3. Comment Sentiment Analysis

By analyzing the sentiment of the comments, the platform can better understand user engagement and filter or highlight comments based on positivity.

Data Model Changes:

  • Add a sentiment_score column to the comments_by_video and comments_by_user tables.
    ALTER TABLE killrvideo.comments_by_video ADD sentiment_score float;
    ALTER TABLE killrvideo.comments_by_user ADD sentiment_score float;
  • Create a vector table for sentiment analysis on comments.
    CREATE TABLE killrvideo.comments_sentiment_vs (
      commentid timeuuid,
      comment text,
      sentiment_vector VECTOR<FLOAT, 5>,  -- Example dimension for sentiment
      PRIMARY KEY (commentid)
    );

4. Tag Generation for Videos

Automatically generate and suggest tags for new videos based on video descriptions and names using Natural Language Processing (NLP).

Data Model Changes:

  • Implementing AI to suggest tags doesn't require changes to the existing schema but integrating an AI model to process video uploads and updating the tags set in the videos table accordingly.

Vector Search Integration

To support AI-driven features like summarization, recommendation, sentiment analysis, and tag generation, vector search capabilities have been introduced into the data model. These capabilities enable similarity-based operations, leveraging the semantic understanding of content.

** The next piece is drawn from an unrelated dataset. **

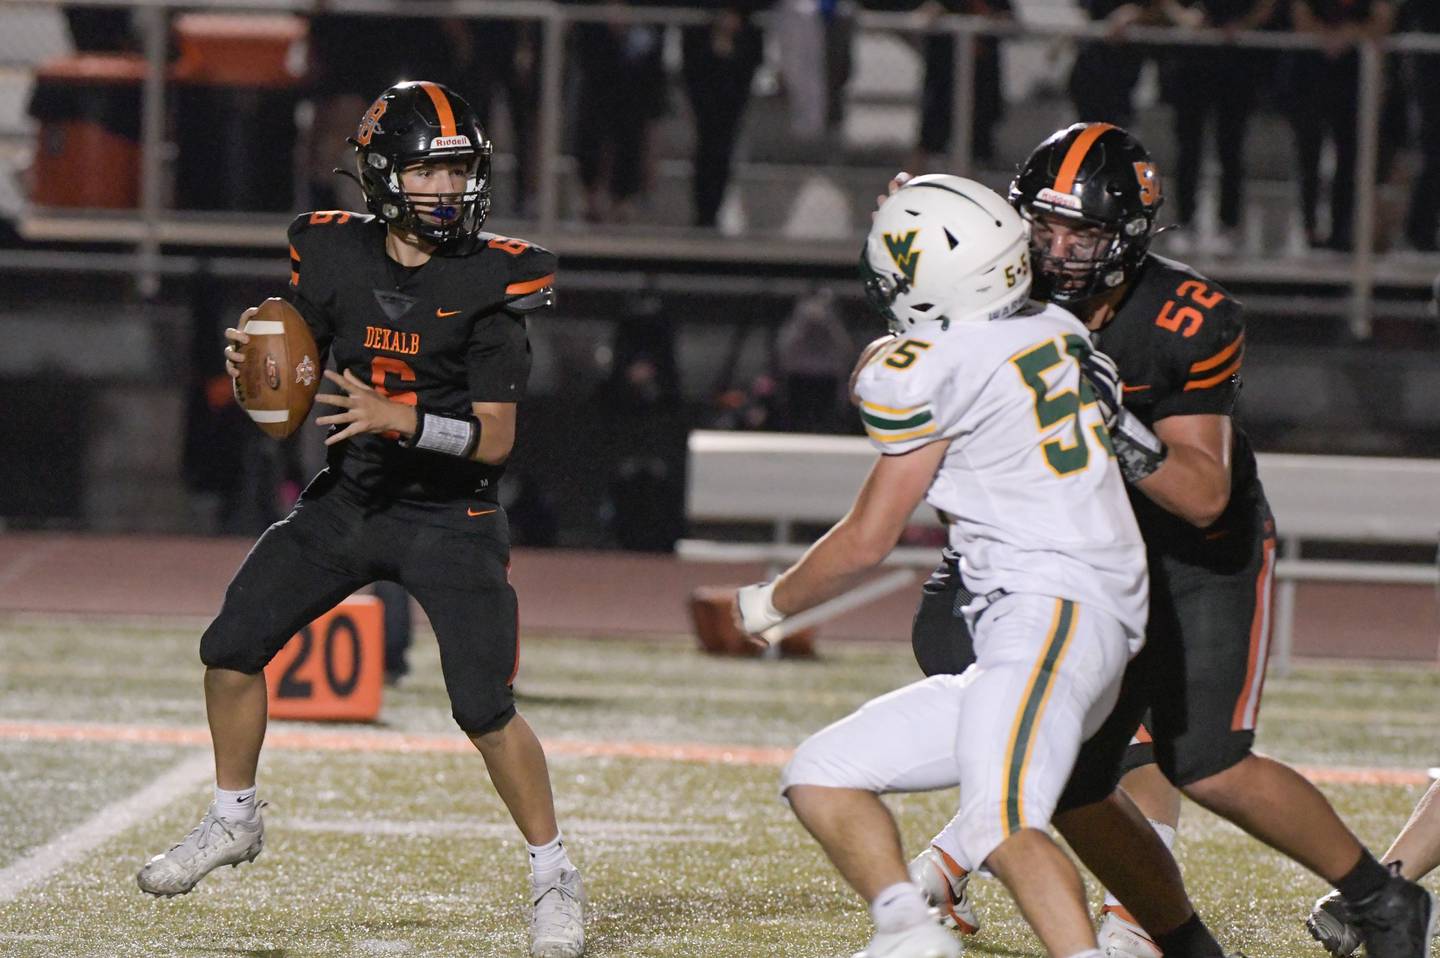 DeKalb's quarterback Joshua Klemm (6) looks for an open receiver against Waubonsie during a game in DeKalb on Friday, Oct. 1, 2021.

Example Usage with Generative AI:

  1. Recommendation Enhancements:

    • After generating embeddings for video content and user preferences, use vector search to find the closest matches for personalized recommendations.
  2. Sentiment Analysis on Comments:

    • Use vector search to find comments with similar sentiments, enabling features like filtering comments by positivity or negativity.

Conclusion

Enhancing the KillrVideo schema with Generative AI and vector search capabilities can significantly improve user experience through personalized content, better engagement through sentiment analysis, and efficient management of content through summarization and tagging. The vector search functionality in Cassandra adds a powerful tool for leveraging semantic similarities within the data, paving the way for advanced AI-driven features in applications.